5.3 Two-way ANOVA and irrelevant hypotheses

A two-way analysis extends the one-way ANOVA by considering two factors \(\mathbf{D}_1\) and \(\mathbf{D}_2\) respectively taking \(L_1\) and \(L_2\) levels. The full model with interactions is usually specified using the design matrix \(\mathbf{X} = [\mathbf{1}_n, \mathbf{D}_{1}, \mathbf{D}_2, (\mathbf{D}_1\circ \mathbf{D}_2) ]\), so the mean model is \[\begin{align*} \mathrm{E}(Y_{i})= \omega + \sum_{j=1}^{L_1-1} \beta_j{\mathbf 1}_{D_{i1}=j+1} + \sum_{k=1}^{L_2-1} \gamma_k{\mathbf 1}_{D_{i2}=k+1} + \sum_{j=1}^{L_1-1}\sum_{k=1}^{L_2-1} \nu_{jk}{\mathbf 1}_{D_{i1}=j+1}{\mathbf 1}_{D_{i2}=k+1}. \end{align*}\] Different submodels can be specified:

  1. the intercept-only model, \(M_1\), has 1 parameter (\(\nu_{jk}=\beta_j=\gamma_k=0, j=1, \ldots, L_1-1, k = 1, \ldots, L_2-1\))
  2. the model \(M_2\) with only the second factor (\(\nu_{jk}=\beta_j=0, j=1, \ldots, L_1-1, k = 1, \ldots, L_2-1\)) has \(L_2\) parameters
  3. the model \(M_3\) with only the first factor (\(\nu_{jk}=\gamma_k=0, j=1, \ldots, L_1-1, k = 1, \ldots, L_2-1\)) has \(L_1\) parameters
  4. the additive model \(M_4\) (\(\nu_{jk}=0, j=1, \ldots, L_1-1, k = 1, \ldots, L_2-1\)), has \(L_1+L_2-1\) parameters;
  5. the additive model \(M_5\) with the interaction term has \(L_1L_2\) parameters;

Note that we consider interaction terms only if the corresponding main effects are included. Removing main effects or lower-order interactions while keeping higher order terms implies that the levels of the factor are not arbitrarily labelled and rearrangement of the factors (changing the baseline) leads to potentially different conclusion.

To see this, consider the model with design matrix \([\mathbf{1}_n, \mathbf{D}_{1}, (\mathbf{D}_1\circ \mathbf{D}_2)]\), so \(\gamma_k=0\) \((k = 1, \ldots, L_2-1)\).

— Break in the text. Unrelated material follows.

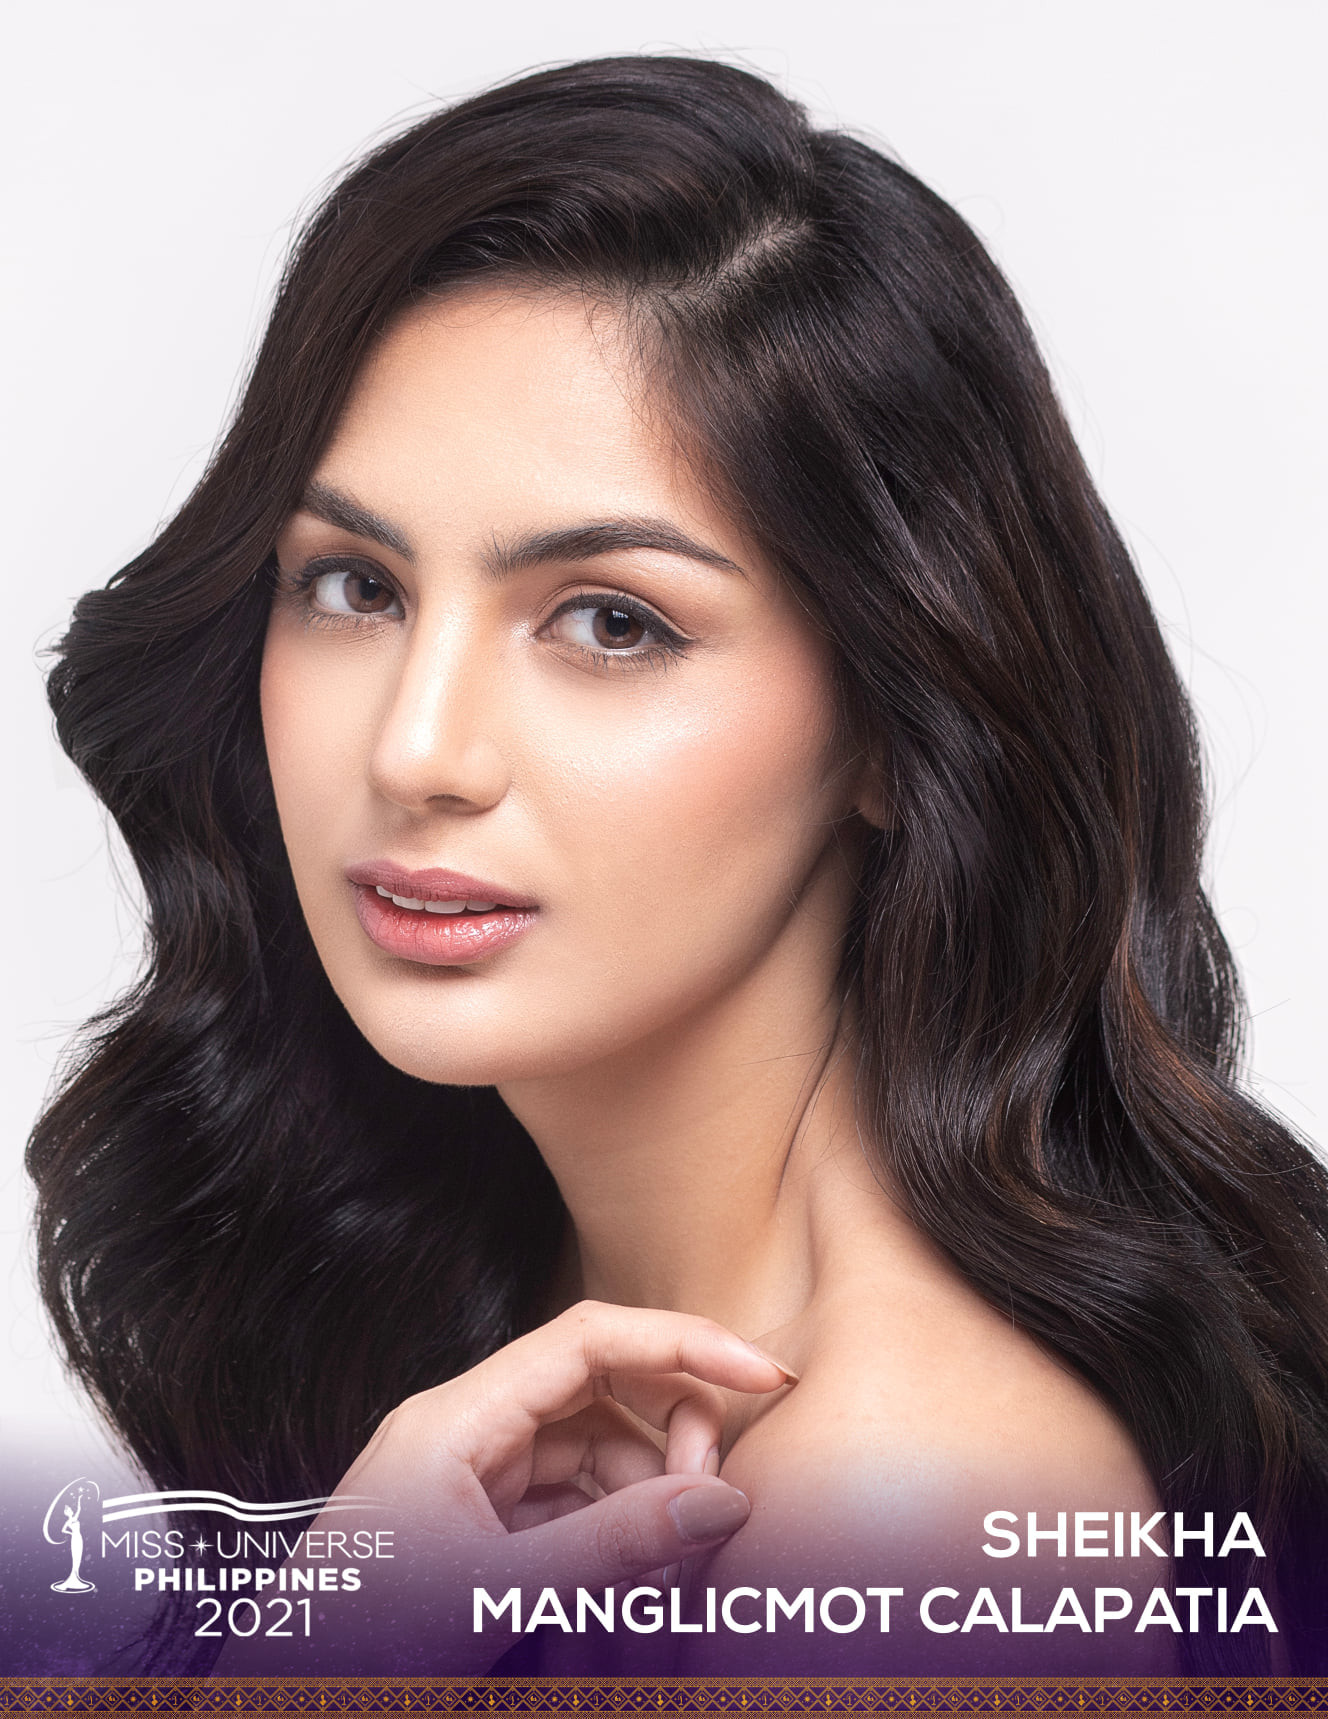 pre-candidatas a miss universe philippines 2021. - Página 2 AlKIlS

The mean level for observations in the different groups are \[\begin{align*} \mathrm{E}(Y_i \mid D_{i1}=1, D_{i2}=k) &= \omega \\ \mathrm{E}(Y_i \mid D_{i1}=j, D_{i2}=1; j > 1) &= \omega + \beta_j \\ \mathrm{E}(Y_i \mid D_{i1}=j, D_{i2}=k; j, k > 1) &= \omega + \beta_j + \nu_{jk} \\ \end{align*}\] The effect of moving from level \(D_{2}=1\) to \(D_{2}=k>1\) is zero if \(D_{1}=1\), whereas it is \(\nu_{jk}\) if \(D_{1}>1\). We therefore are treating the levels as being different and the models fitted (and the inference) will differ if we change the baseline category for the factors. This means that the latter is no longer arbitrary! In R this baseline is the first factor in alphabetical order, so is essentially arbitrary. In the same way we will not consider interactions without main effects, one would not consider polynomials of degree \(k\) without including the coefficients of the lower order. For a degree two polynomial of the form \(\sum_{i=0}^k \beta_ix^i\), testing the hypothesis \(\beta_i=0\) for \(i < k\) means restricting attention to polynomials whose \(k\)th order term is zero, which is usually nonsensical. Thus, any Wald test (the \(t\) values output by summary) corresponding to such an hypothesis should be disregarded.